但陈寅恪毕竟是陈寅恪,有一种文化在支撑着他。晚年的陈寅恪尽管在双眼失明之后,又摔断了双腿,但他最终找到了一个最佳去处——找柳如是。


于是,陈寅恪走进了柳如是遗落在清朝的那座红楼,而且在红楼里一坐就是10年。


陈寅恪这部历时10年、洋洋85万字的长篇历史巨著《柳如是别传》,是以钱牧斋和柳如是为故事核心、以明末清初的江南为社会背景的一部史实考订。

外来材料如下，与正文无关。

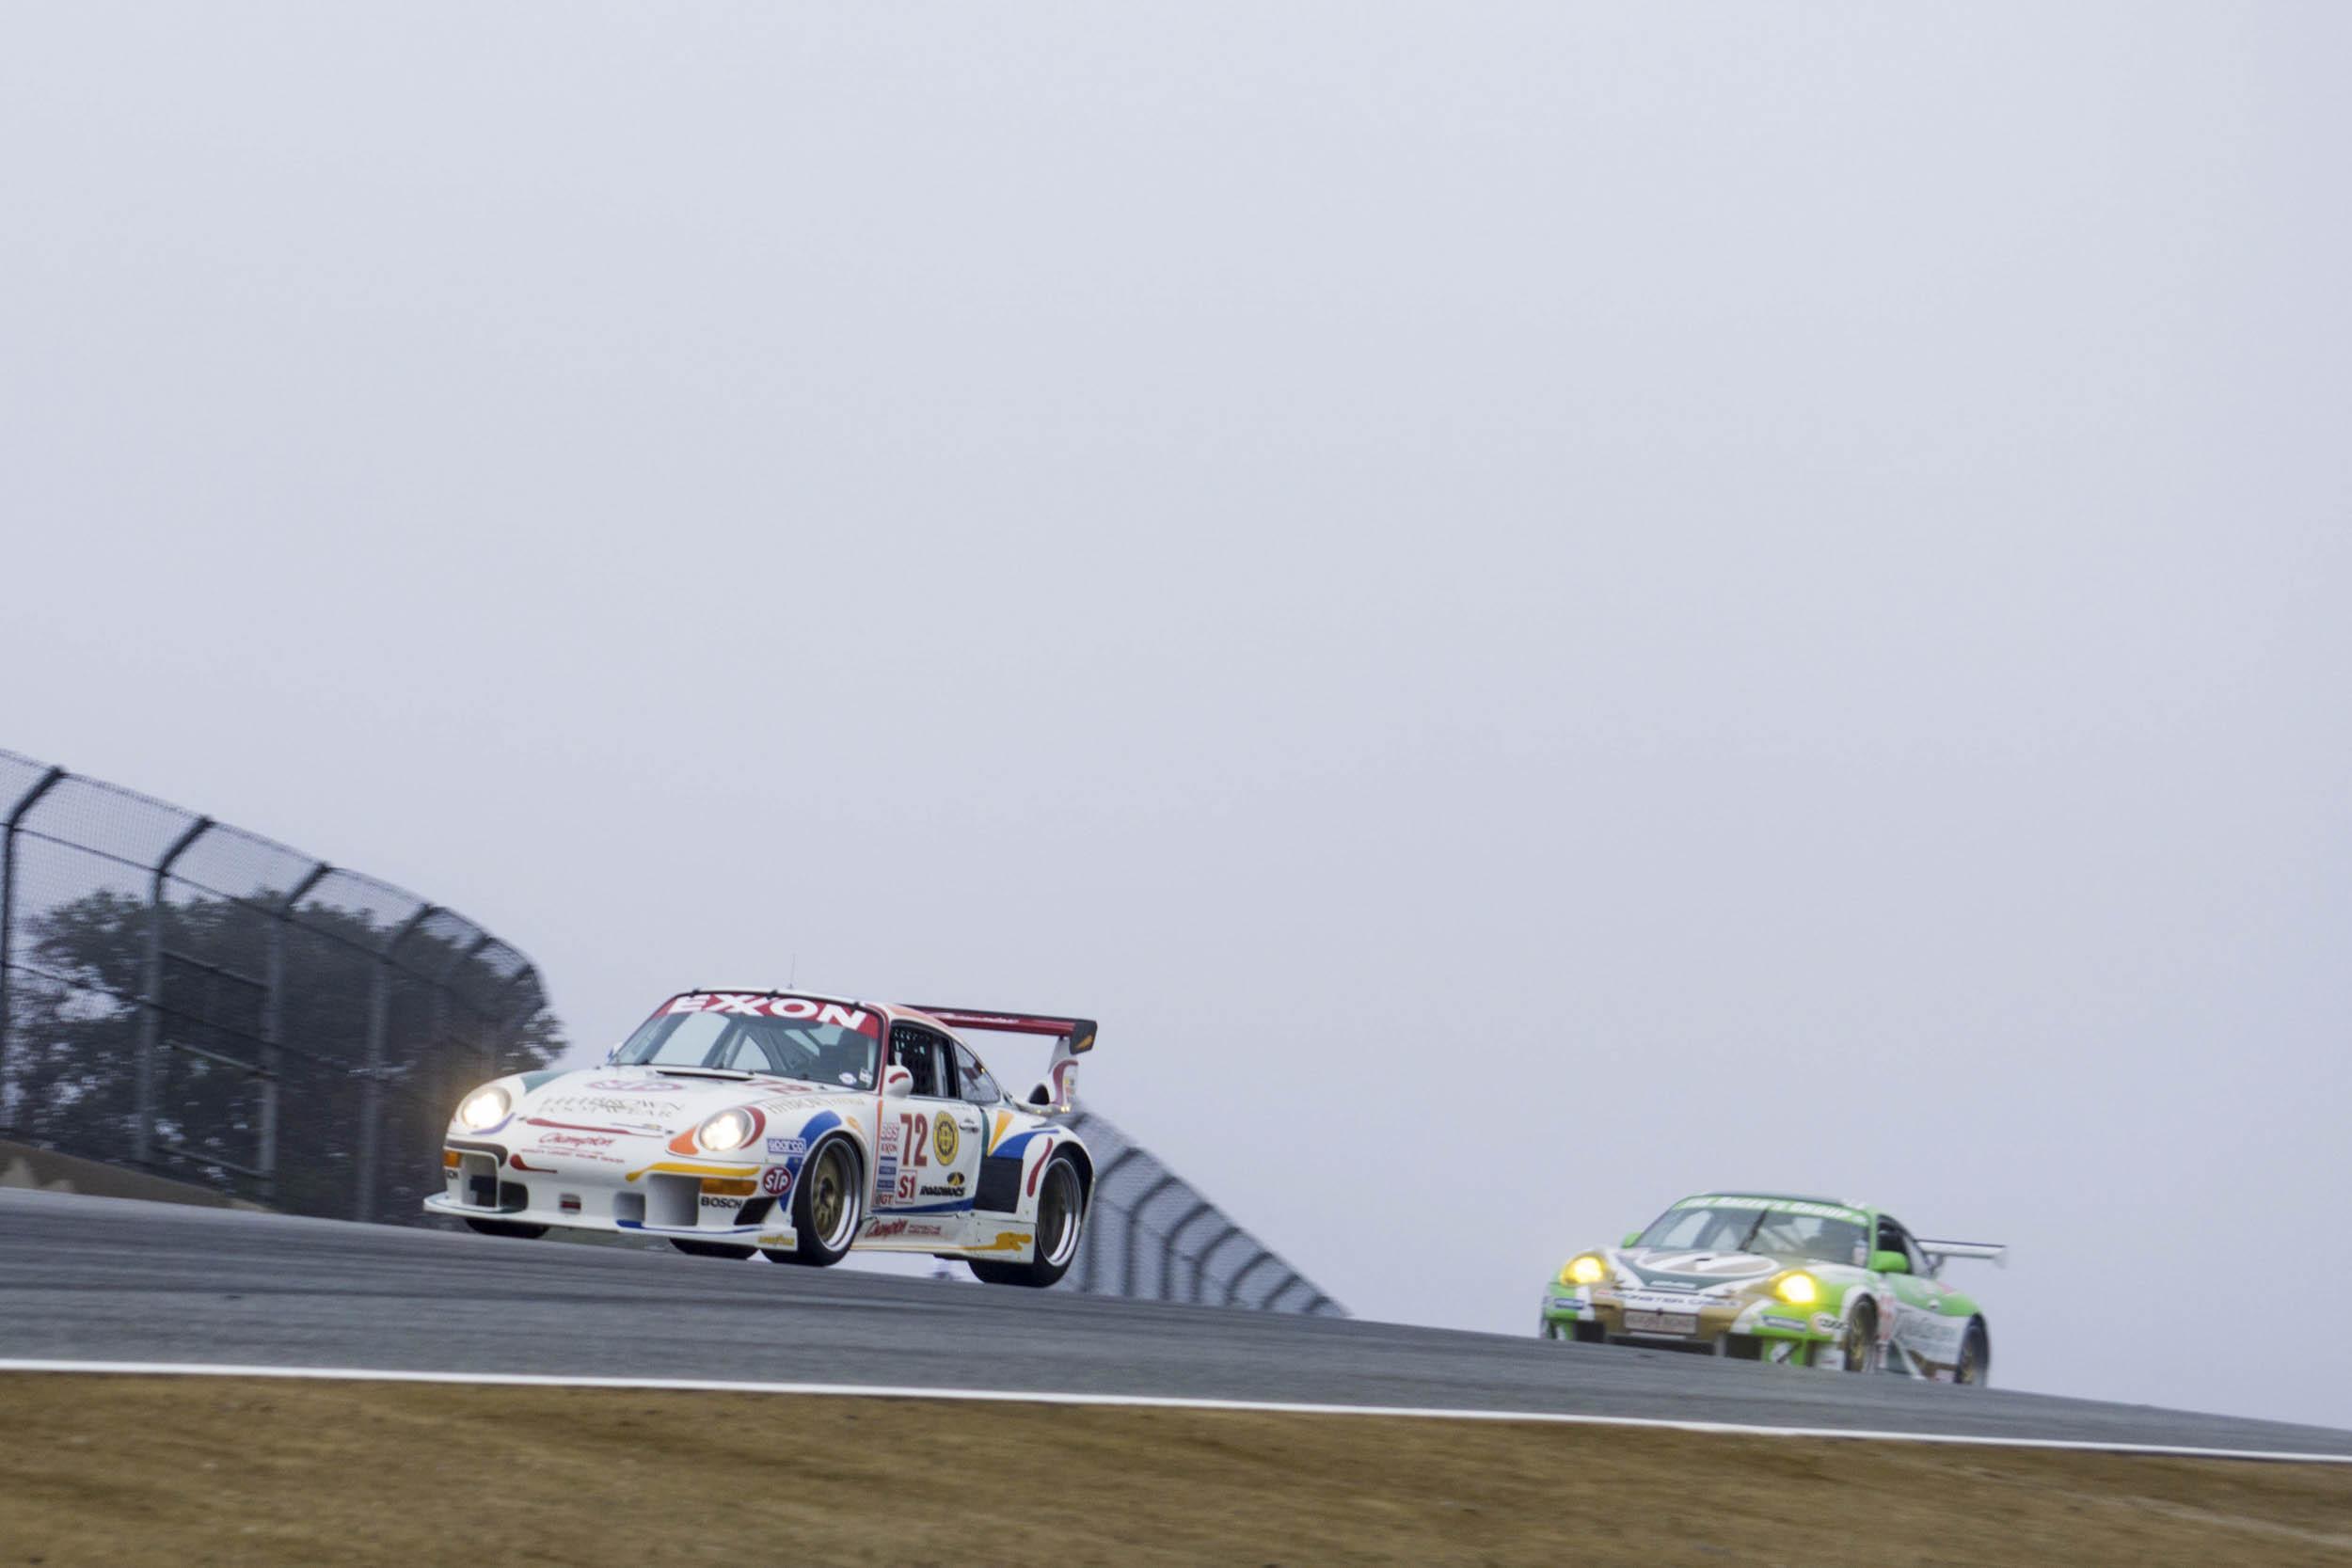 Alex Welch's 1991 Porsche 911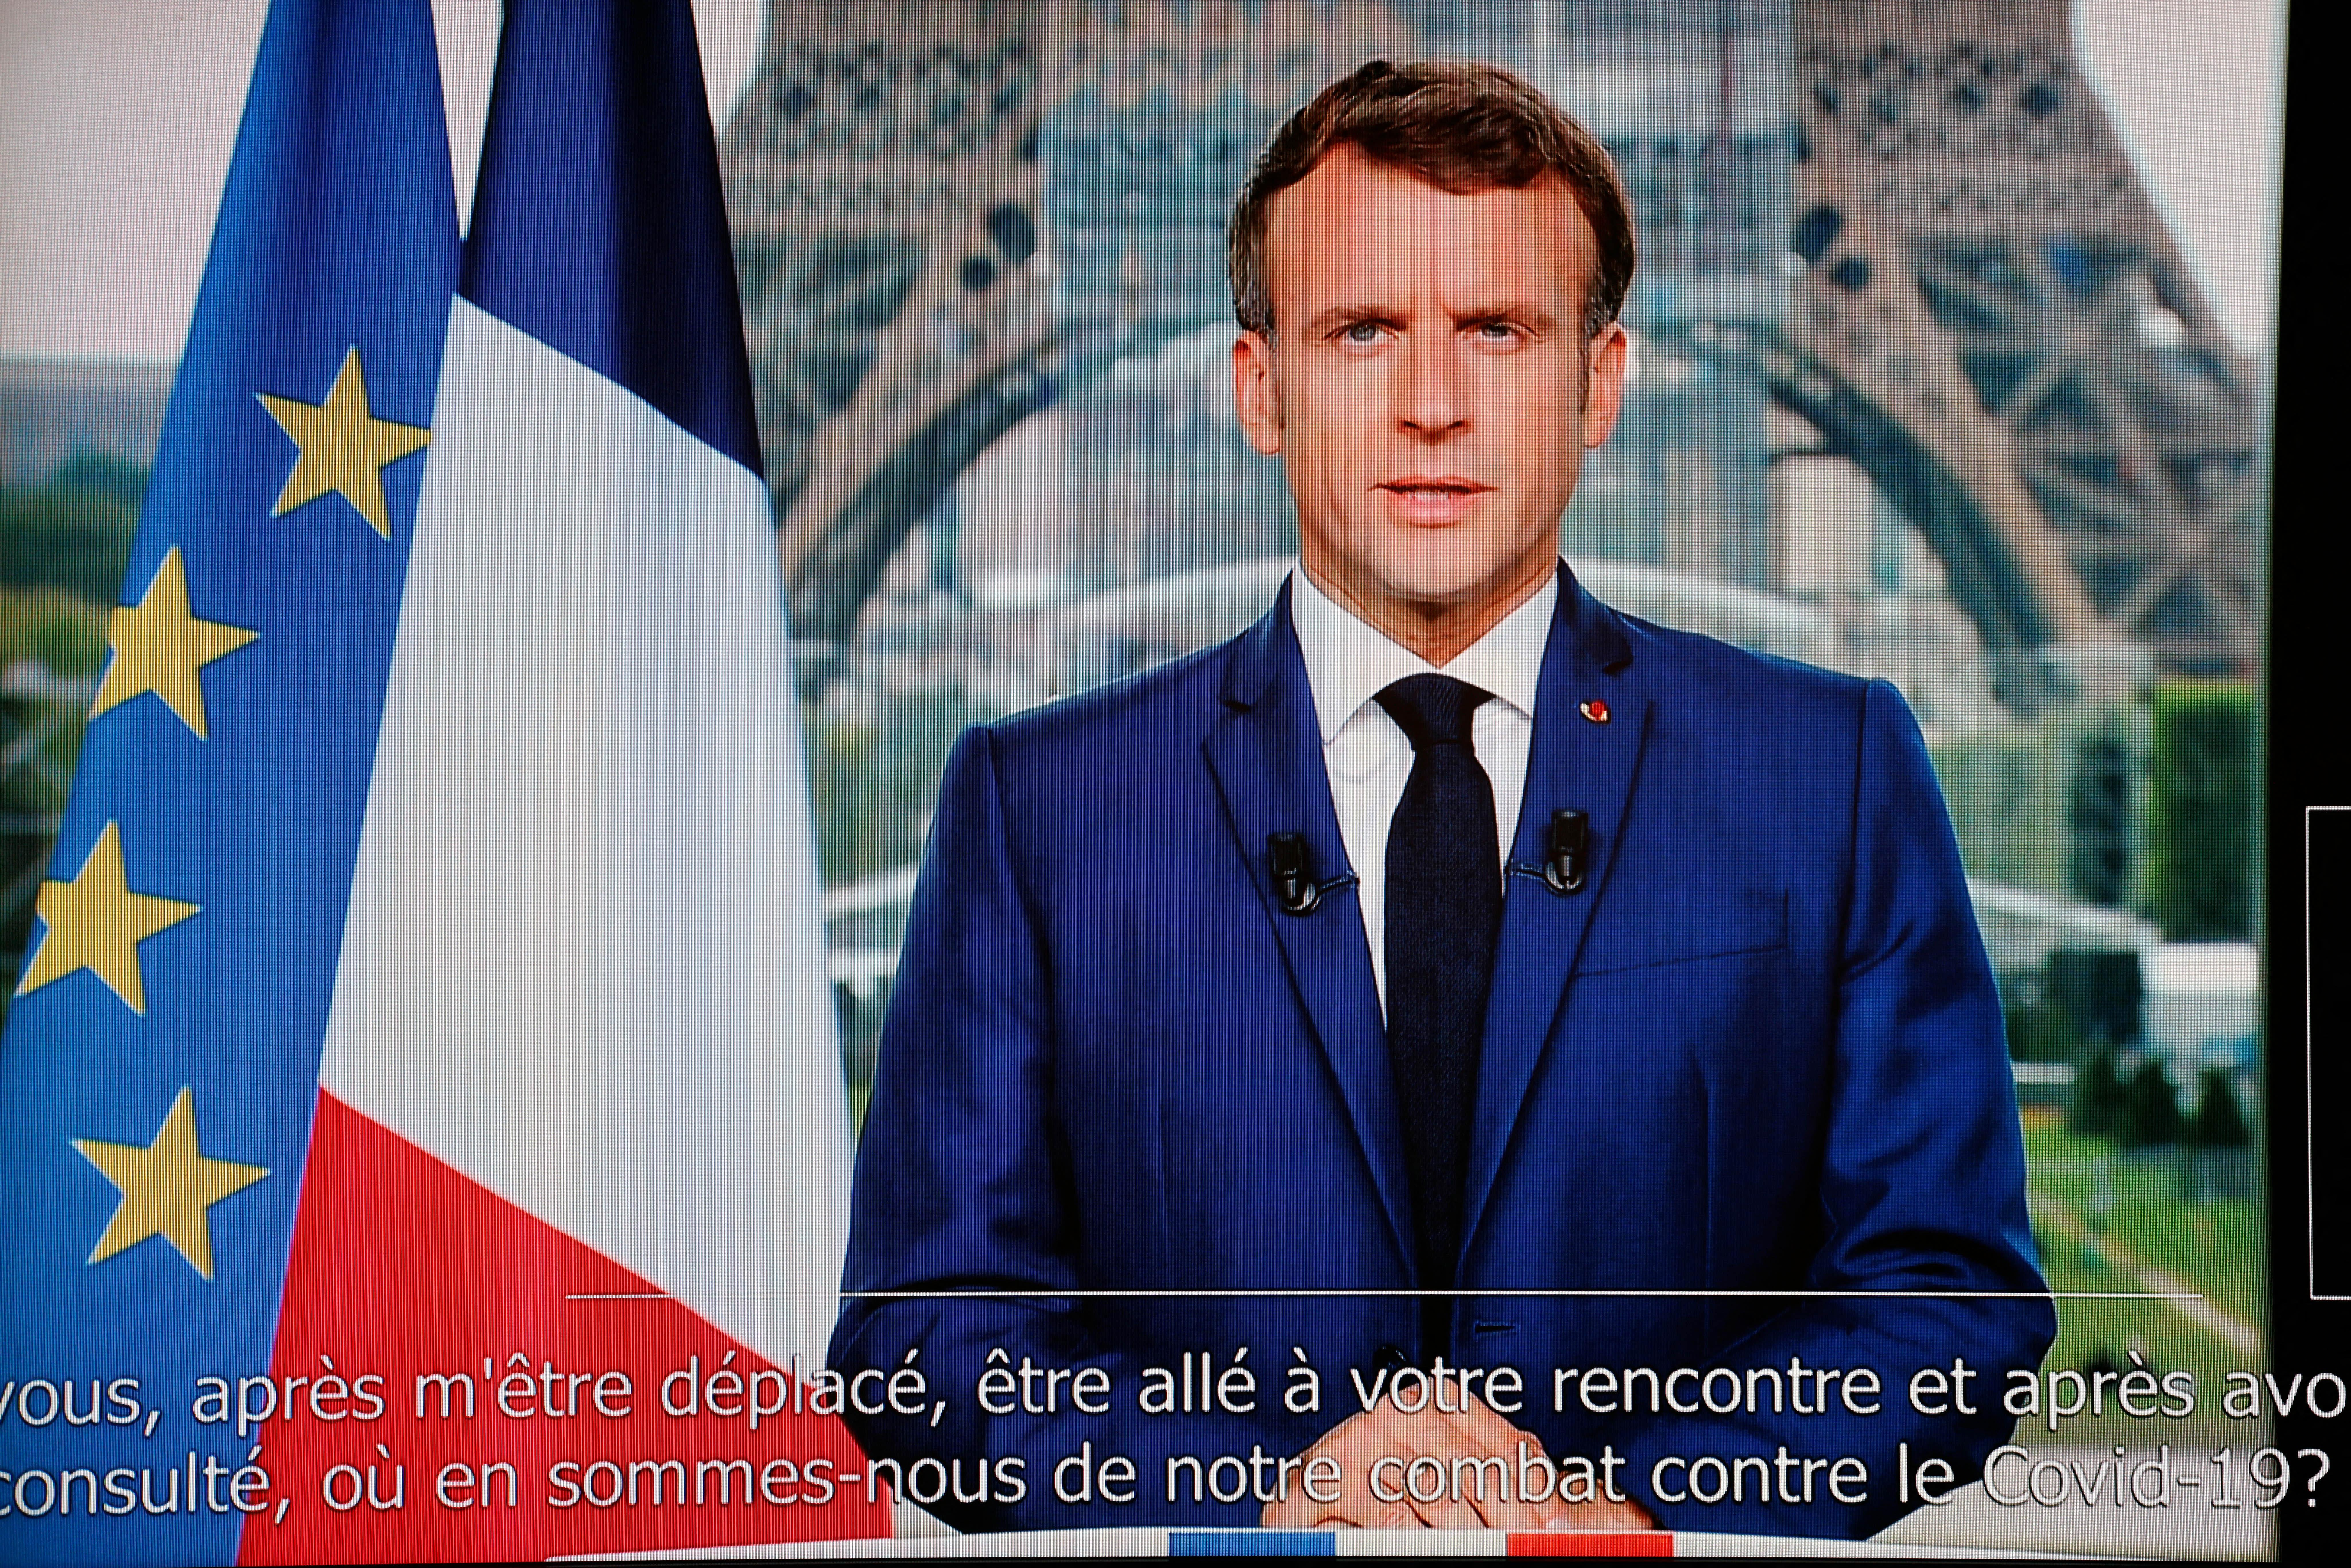 Franciaországban kötelezővé teszik az oltást az egészségügyi dolgozóknak

本来是一部长篇传记文学,结果却被陈寅恪以其史家过于严谨的铺陈考证与叙说,写成了一部有故事情节的“清史考录”。


对钱牧斋的诗文,陈寅恪尚在年少时就开始阅读了,并对其文才倍加仰慕。目盲之后,对钱柳之诗更多了几许颖悟,生发几许况味。于是,开始陆续校释其诗,搜集整理其隐情轶事,打算做一件令世人难以理喻的“闲事”——瞑写钱牧斋和柳如是的那段姻缘秘史。


在中国历史的某个角落里,柳如是不过是秦淮八艳中的一位“大姐大”,一个常出入社会名流之间、艳色远播的金陵名妓。但陈寅恪却并不完全认同这一点,在他心目中,柳如是是明末清初秦淮河畔云霞佳丽中一朵清雅的奇葩。她虽然沦落风尘,却身心高洁。她敢爱敢恨,最初与周道登一见倾心,然后又爱上宁徵舆,继而又与陈子龙情投意合,最终与钱牧斋白头偕老。她才华横溢,忠心为国,明亡时力劝丈夫殉节,自己投水殉国。她胆识冲天,豪迈痴情,为救夫君愿以身替死。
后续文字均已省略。